Dorothy arranged meetings and forged important contacts for Chaim Weizmann and his circle, thus enabling them to press Britain to support a Jewish homeland in Palestine.

Years later, after the birth of Israel,  her discreet philanthropic generosity helped to develop the Jewish state’s civil society, build some of its most important institutional edifices, and unleash the human potential of a new generation of Israelis through a vast array of educational initiatives.

All the while, Dorothy maintained a profound commitment to the family’s civic responsibilities in British society, including overseeing the initial stages of the handover of the family’s 6,000-acre Waddesdon estate in Buckinghamshire to the National Trust for Historic Preservation. Under the leadership of the current Lord Rothschild, the Rothschild Foundation underpins all of Waddesdon’s activities on behalf of the National Trust.

Dorothy's story

She was born Dorothy Pinto into an Anglo-Jewish London family on 7 March 1895. On 25 February 1913, just short of her 18th birthday, she married James, then age 35, at Waddesdon Manor. Thus, while still just a teenager she was to play a critical role in introducing Weizmann to the Rothschild family and the broader Jewish and general communities.

The family name Pinto is often traced to Sephardi Jews, descendants of the Jews expelled from Portugal during the Inquisition, some of whom moved to the Arab world. Dorothy’s family on her father’s side had roots in Egypt. Her maternal grandfather, Levi Cohen, was a founder of the Liberal Synagogue in London.

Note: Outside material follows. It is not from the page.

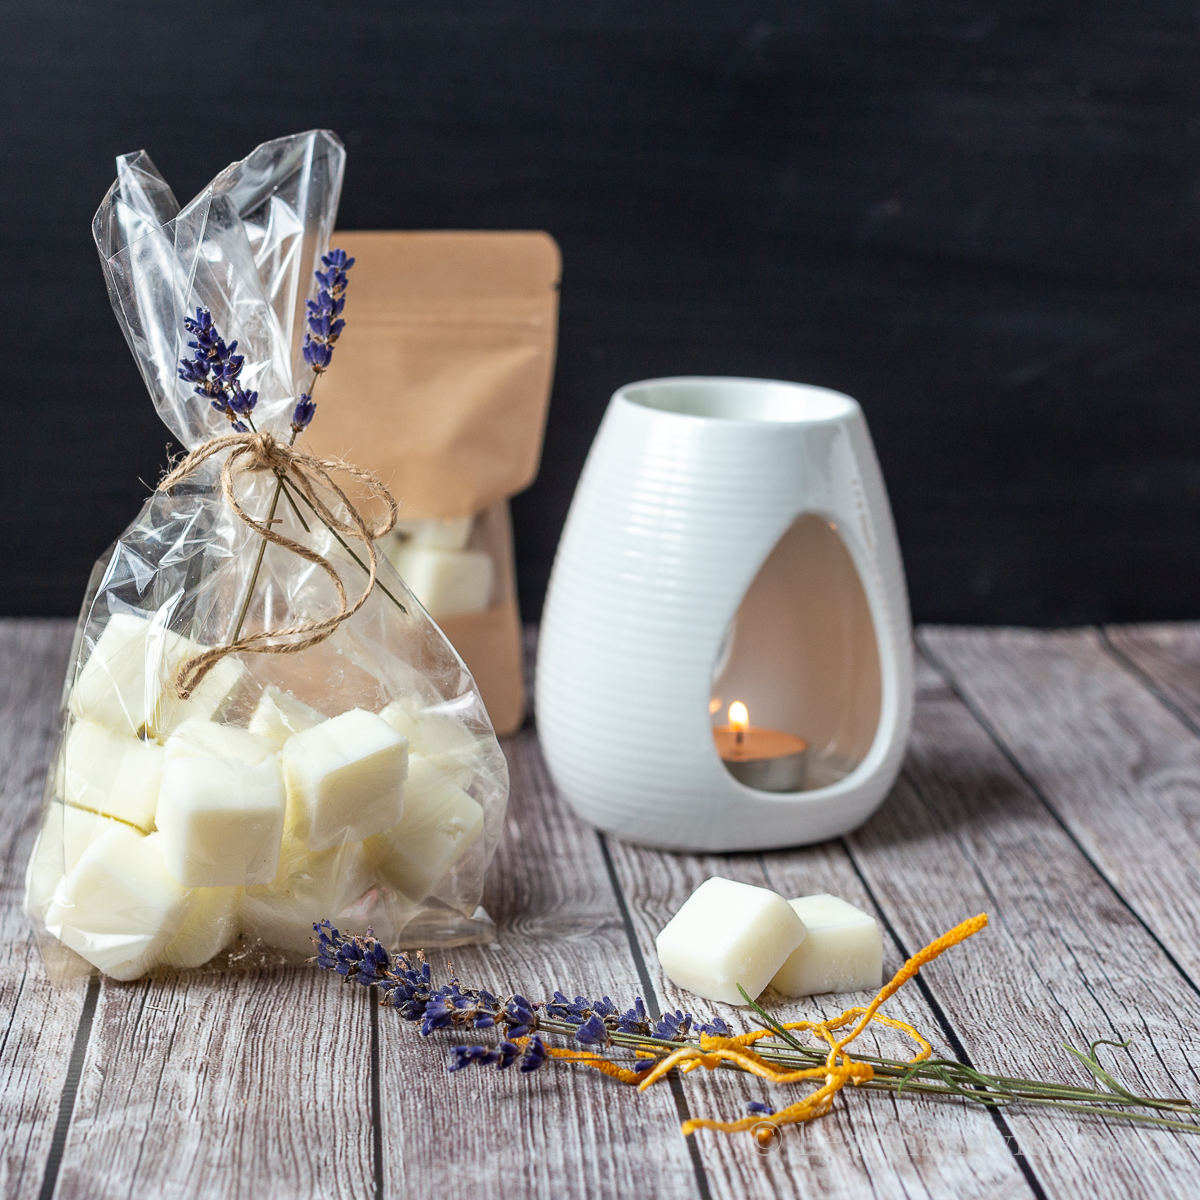 How to Make Wax Melts for Home or Gifting

Even while James served as an MP, she became a local alderman and Justice of the Peace.

Baron Edmond de Rothschild

Dorothy’s father-in-law, Baron Edmond de Rothschild of France, began making philanthropic investments in Palestine in the late 1880s, having visited Jerusalem with his wife Baroness Adelheid in 1887. He helped establish some of the first settlements in Eretz Israel and went on to join forces with the Palestine Jewish Colonization Association (PICA). Indeed, in doing so, he massively bolstered PICA’s ongoing work.

Under Baron Edmond’s leadership, PICA’s many activities included the establishment of over 40 agricultural settlements and of key industries such as the flour mills in Haifa, the salt works in Atlit, and Haifa’s fertilizer and chemical plants. Likewise, cuttings from the Rothschild vineyards in France were used to help establish Carmel’s Rishon LeZion Wine Cellars — and thus laid the foundations for the country’s wine industry, which today comprises dozens of commercial firms producing world-class wine.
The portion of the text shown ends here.